*** Begin section ***

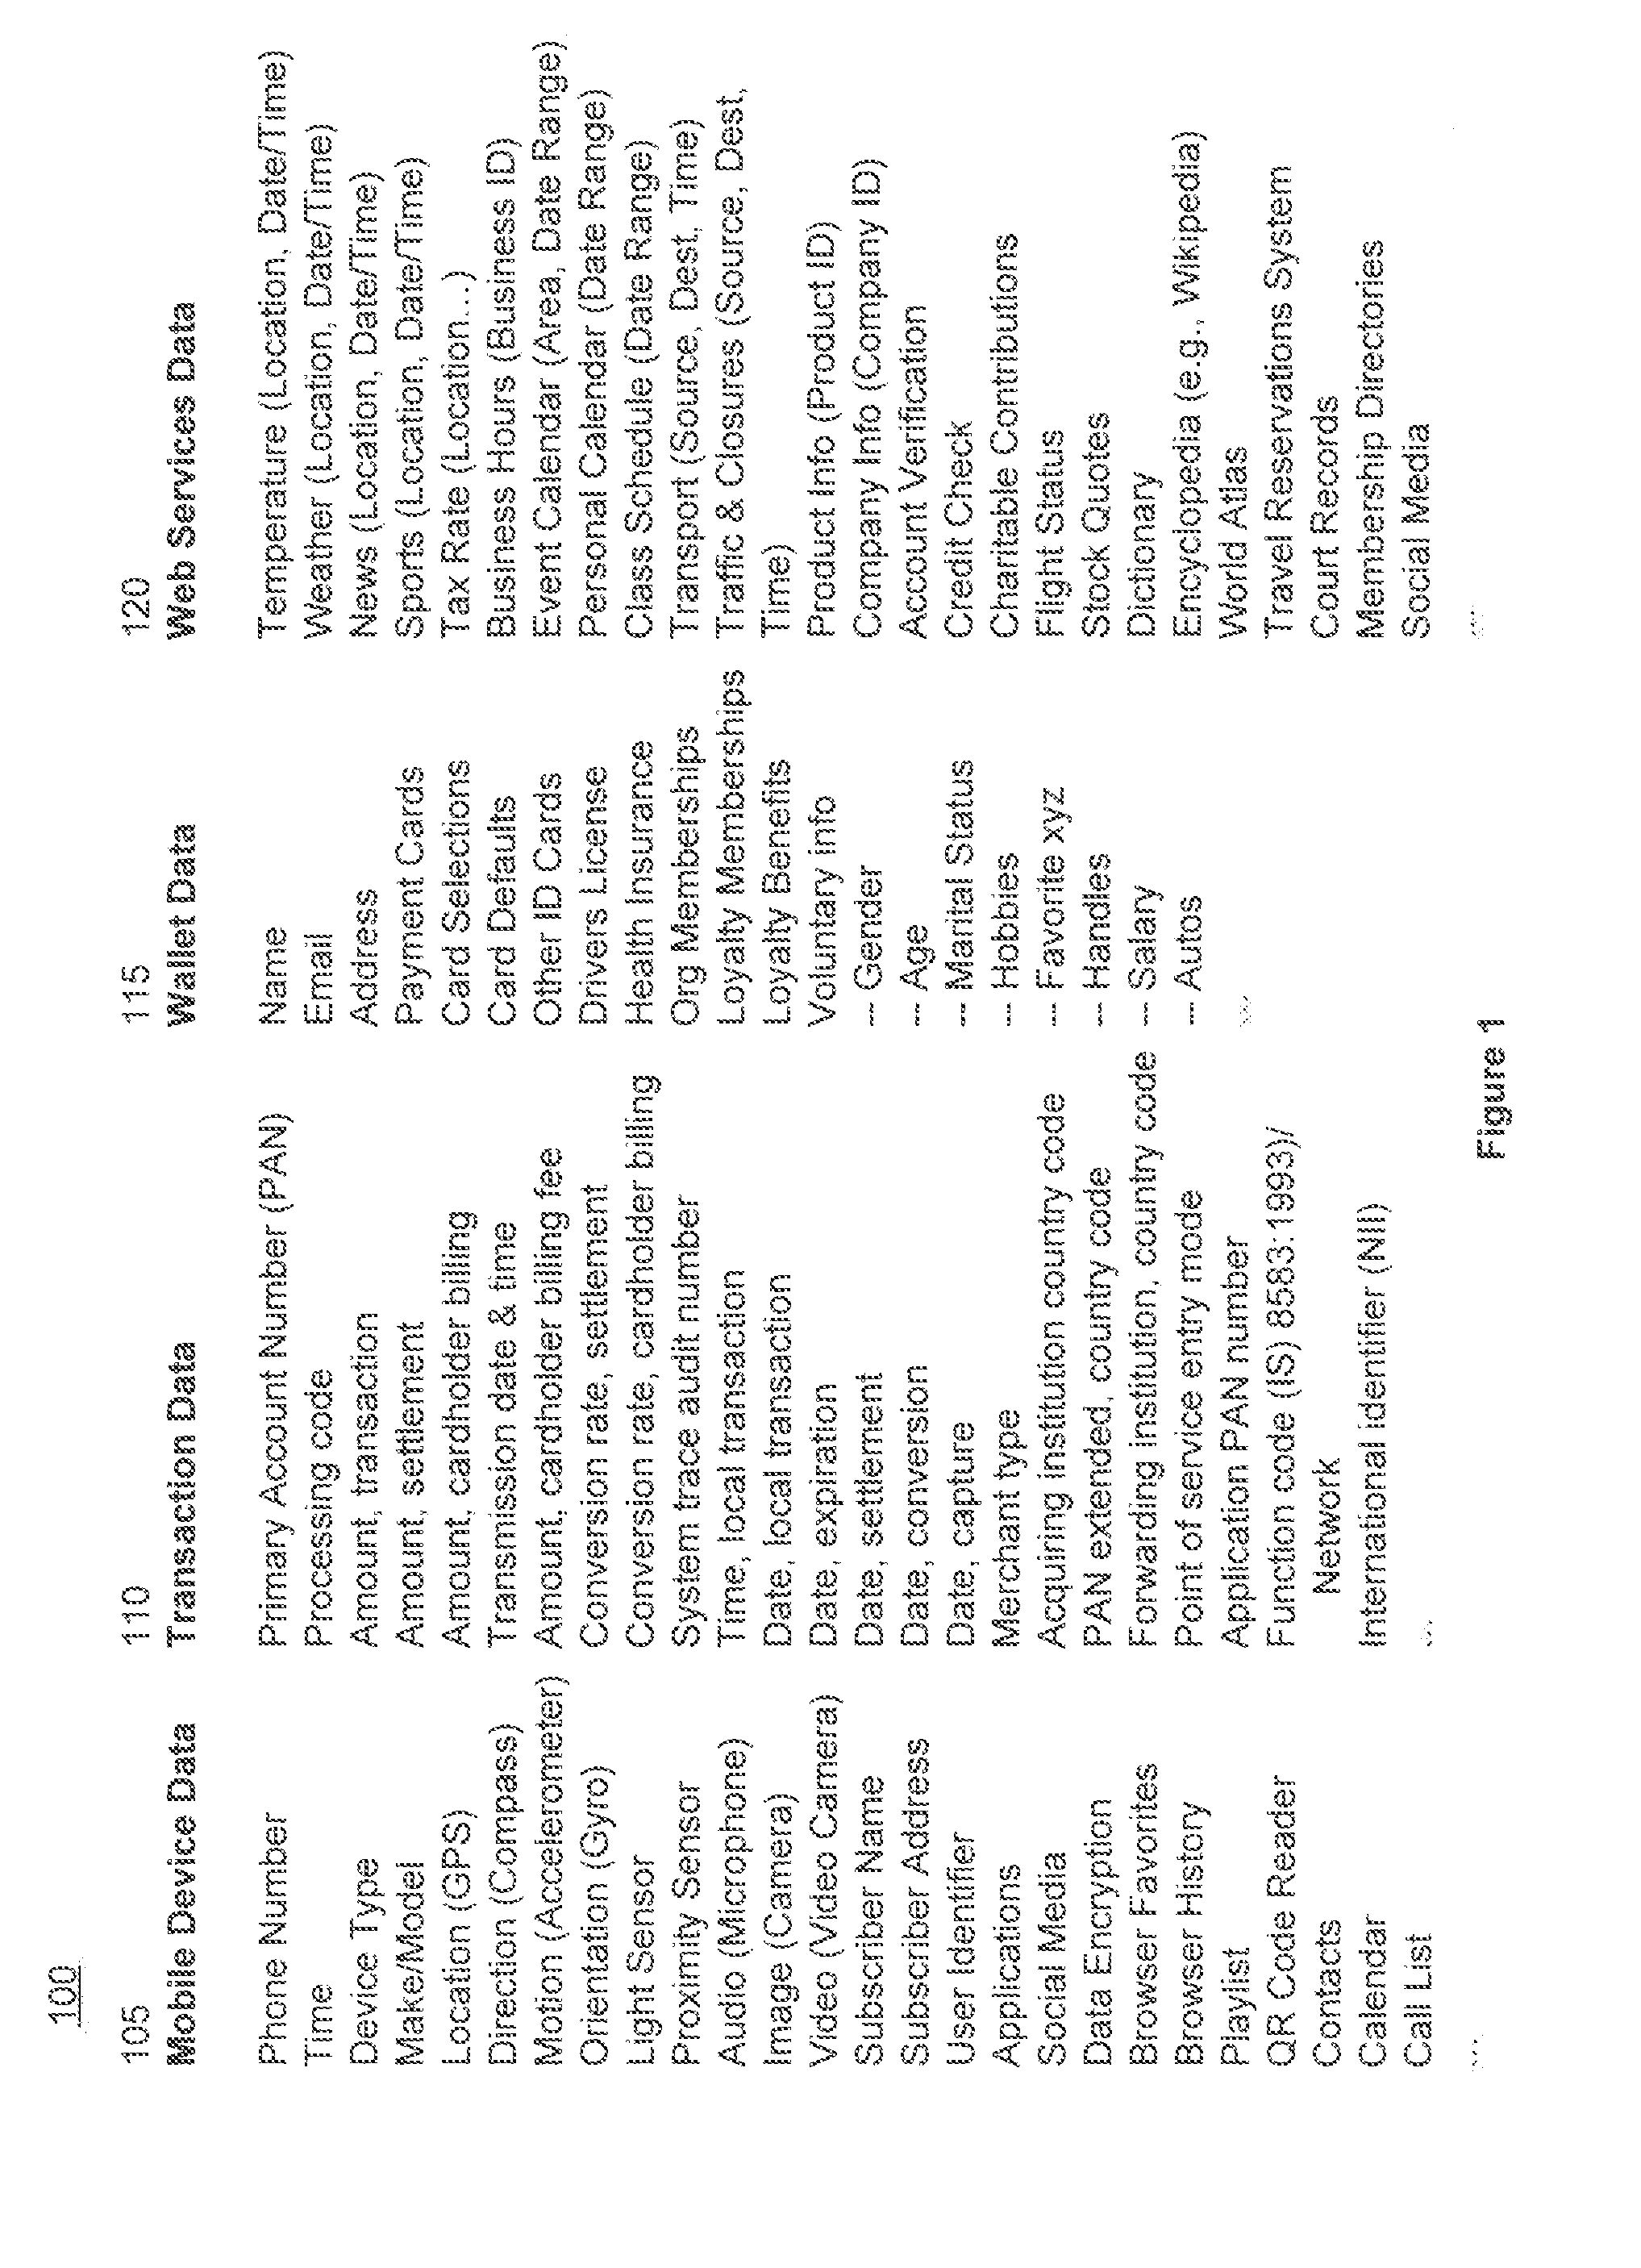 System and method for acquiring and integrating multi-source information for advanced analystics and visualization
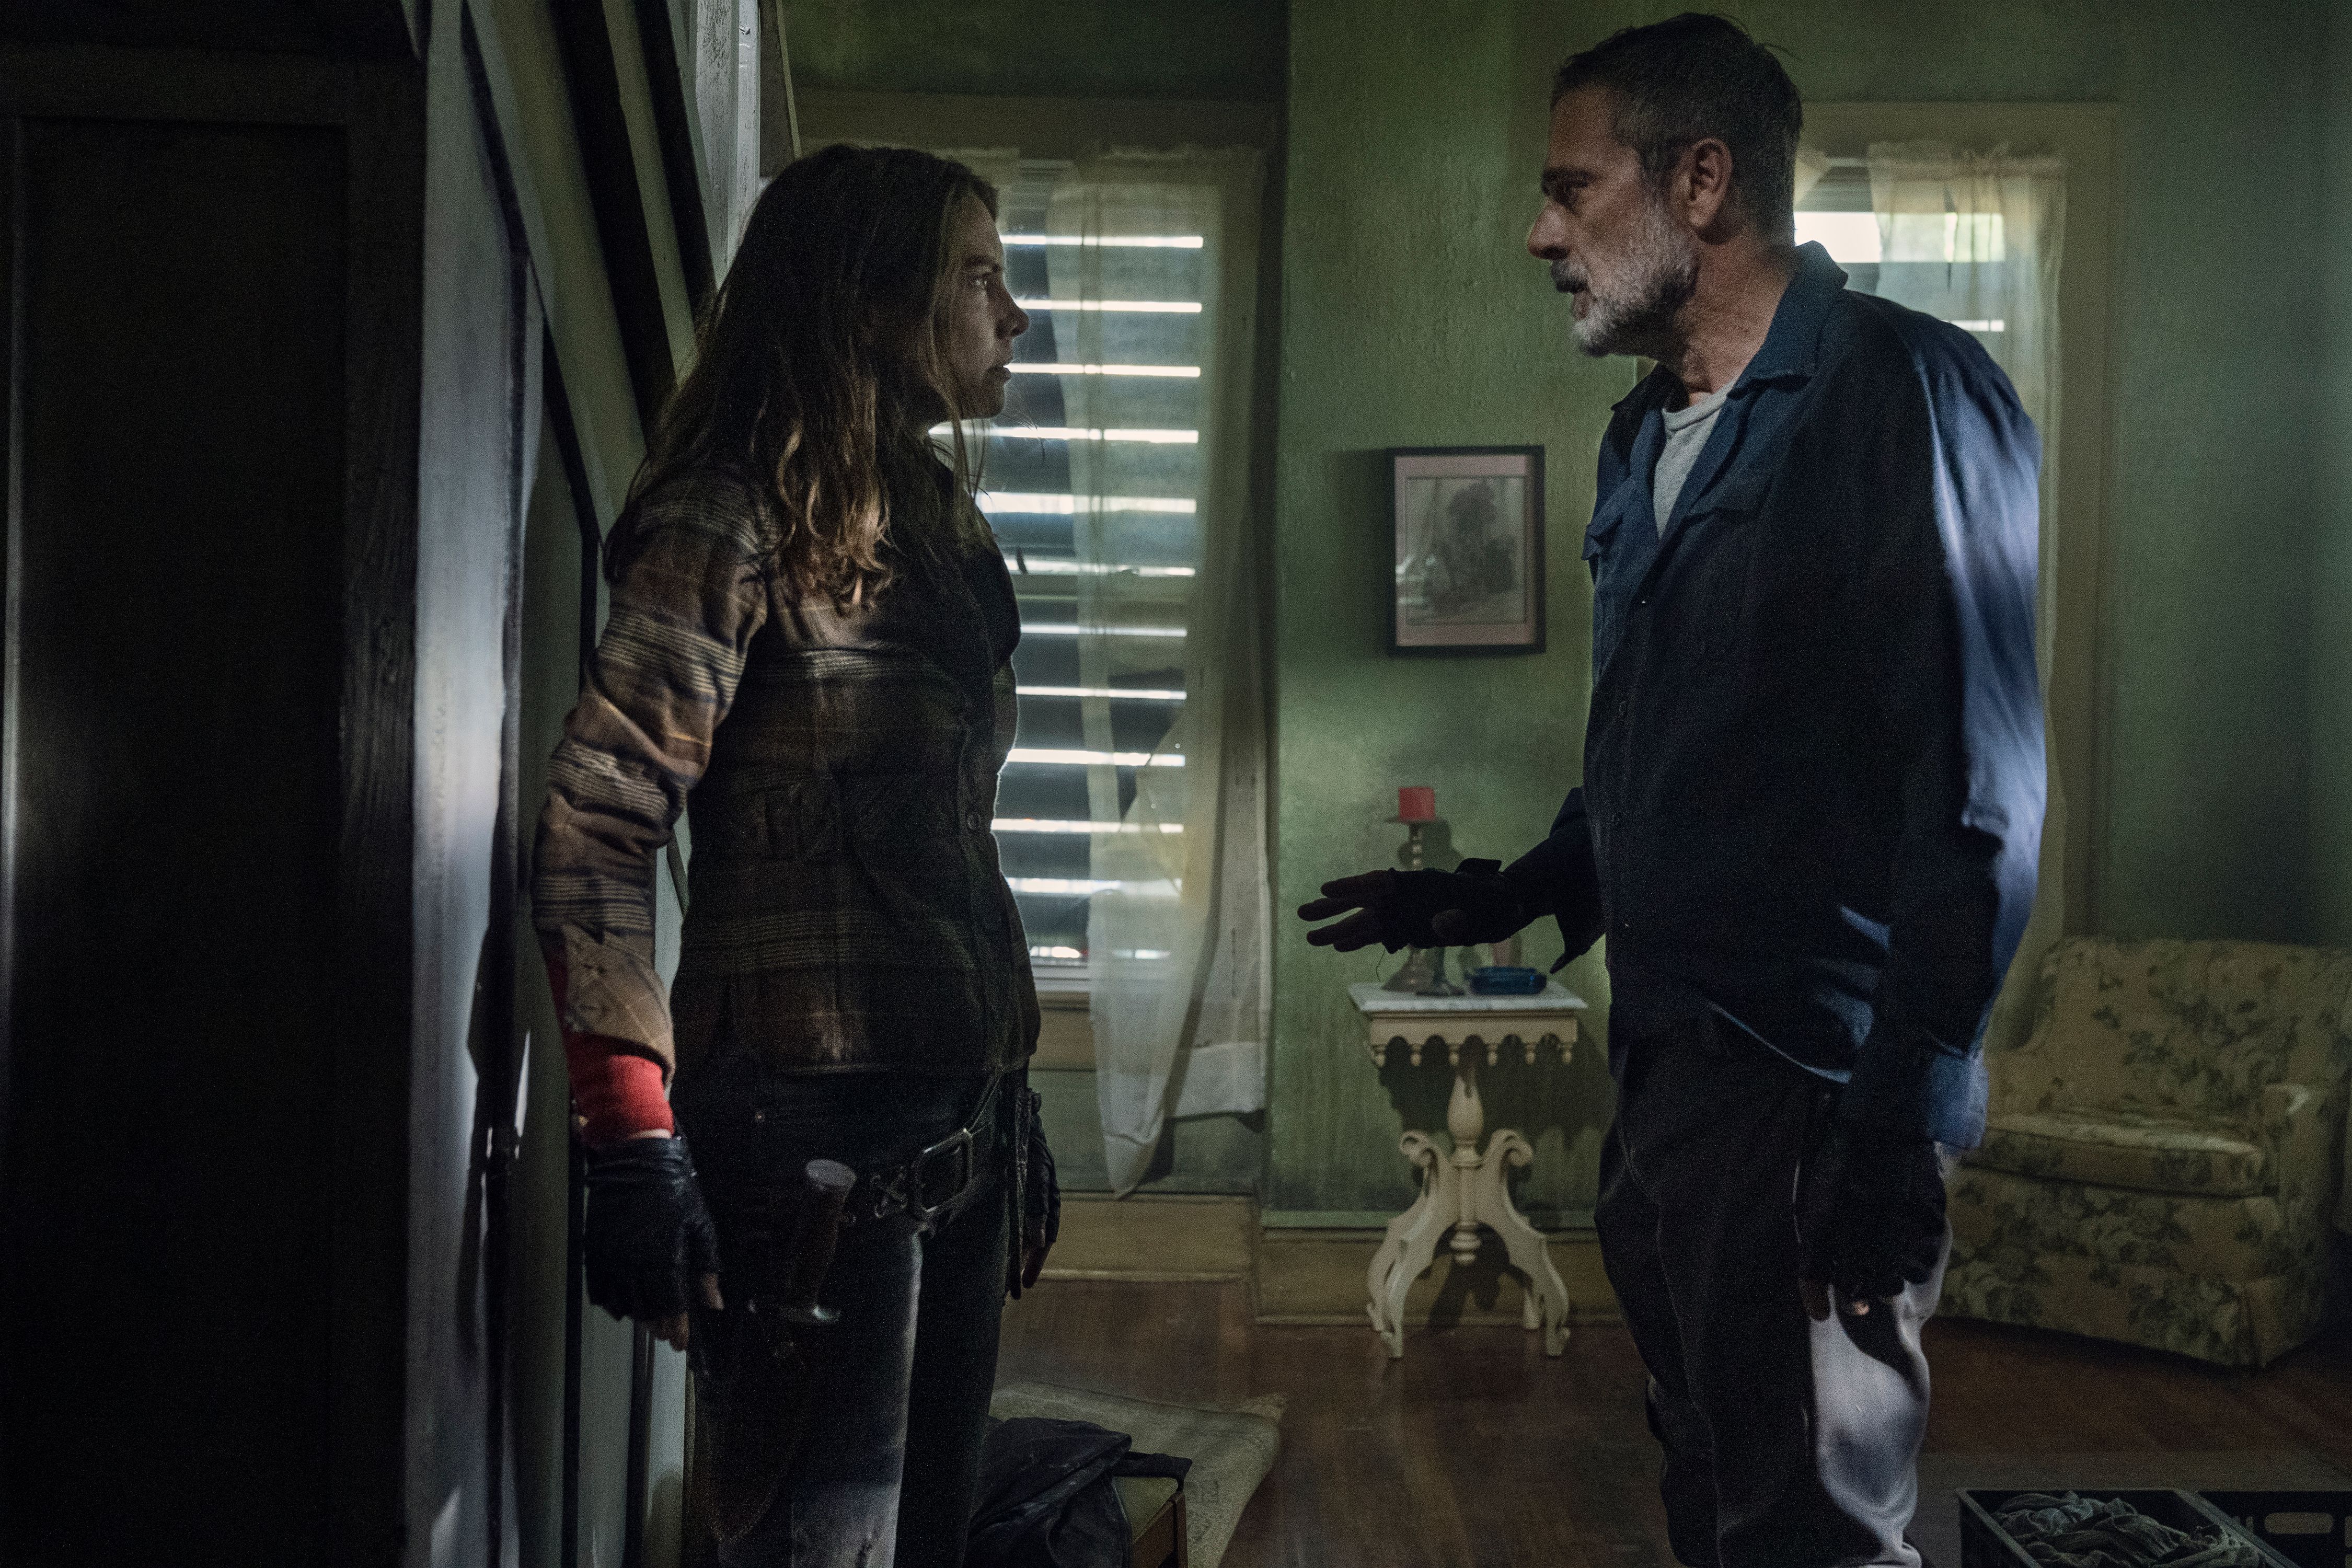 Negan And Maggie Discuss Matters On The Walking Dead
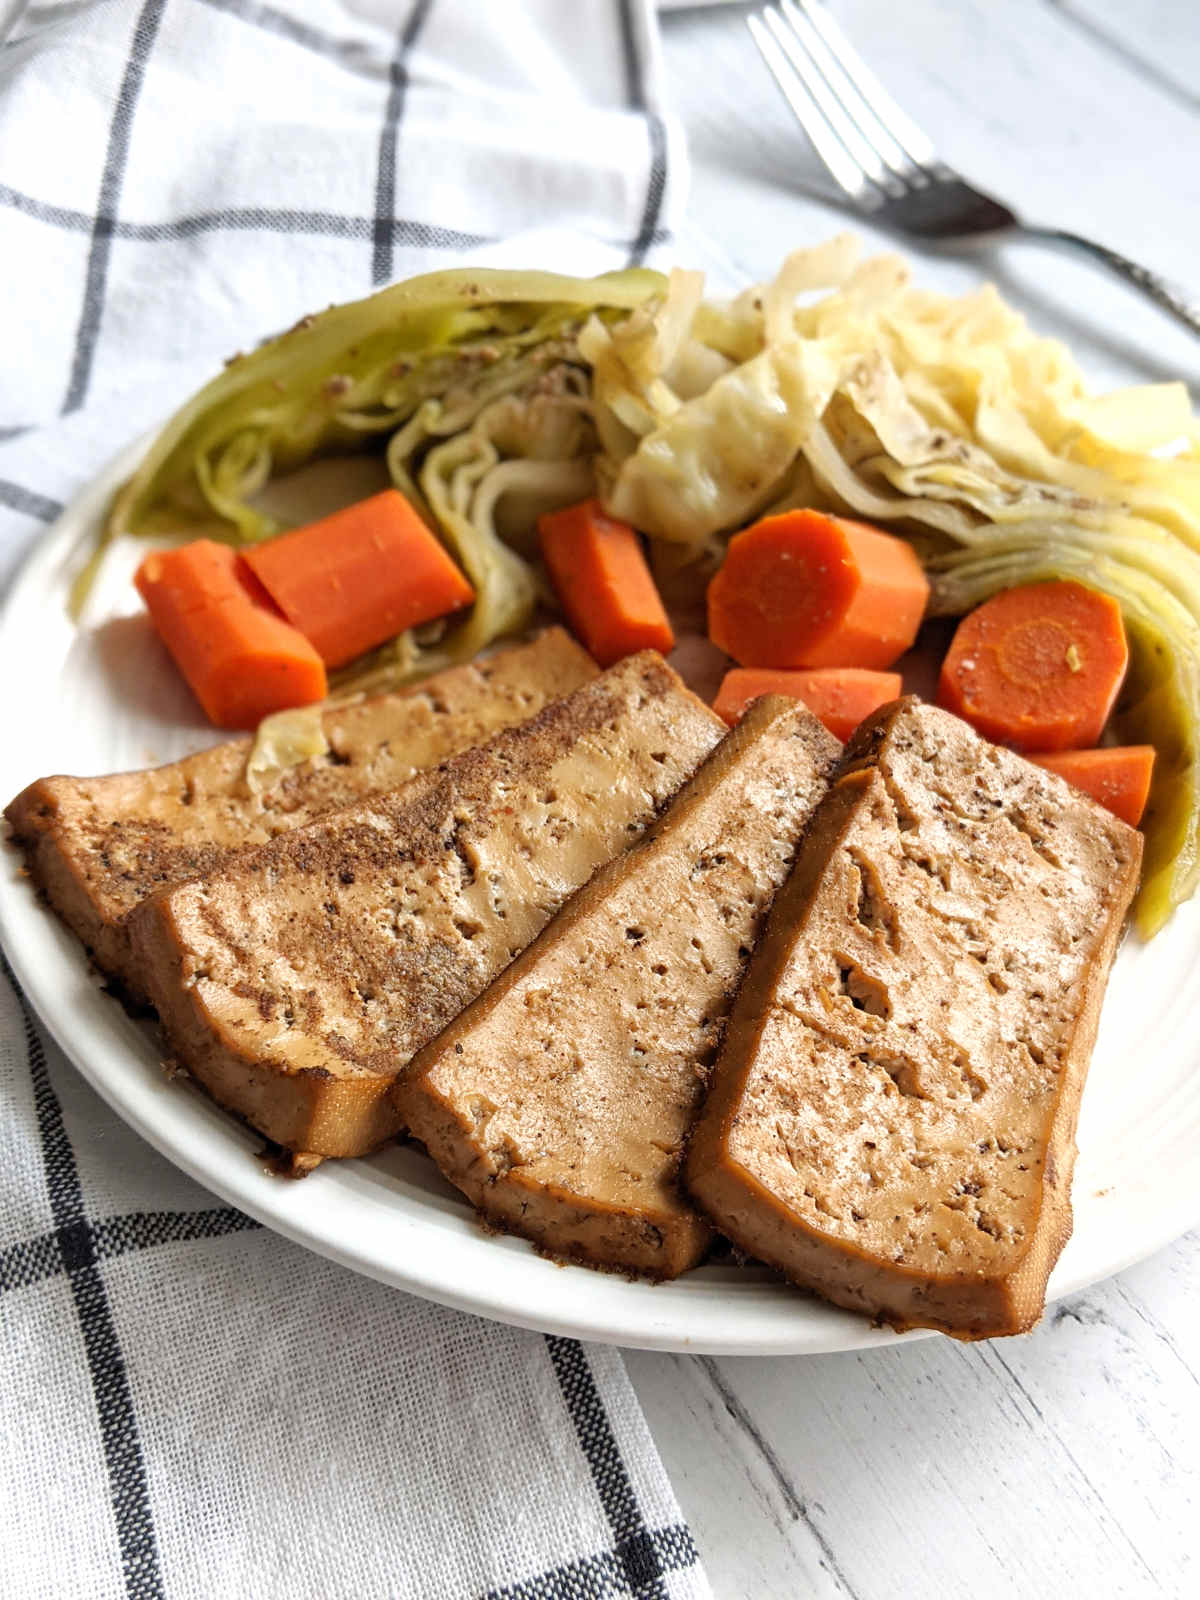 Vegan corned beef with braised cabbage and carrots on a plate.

*** End section ***

[Exercise instructions]
Leave the pictures out, and print every line of the listing exactly as written.

[Worked solution]
 System and method for acquiring and integrating multi-source information for advanced analystics and visualization
 Negan And Maggie Discuss Matters On The Walking Dead
 Vegan corned beef with braised cabbage and carrots on a plate.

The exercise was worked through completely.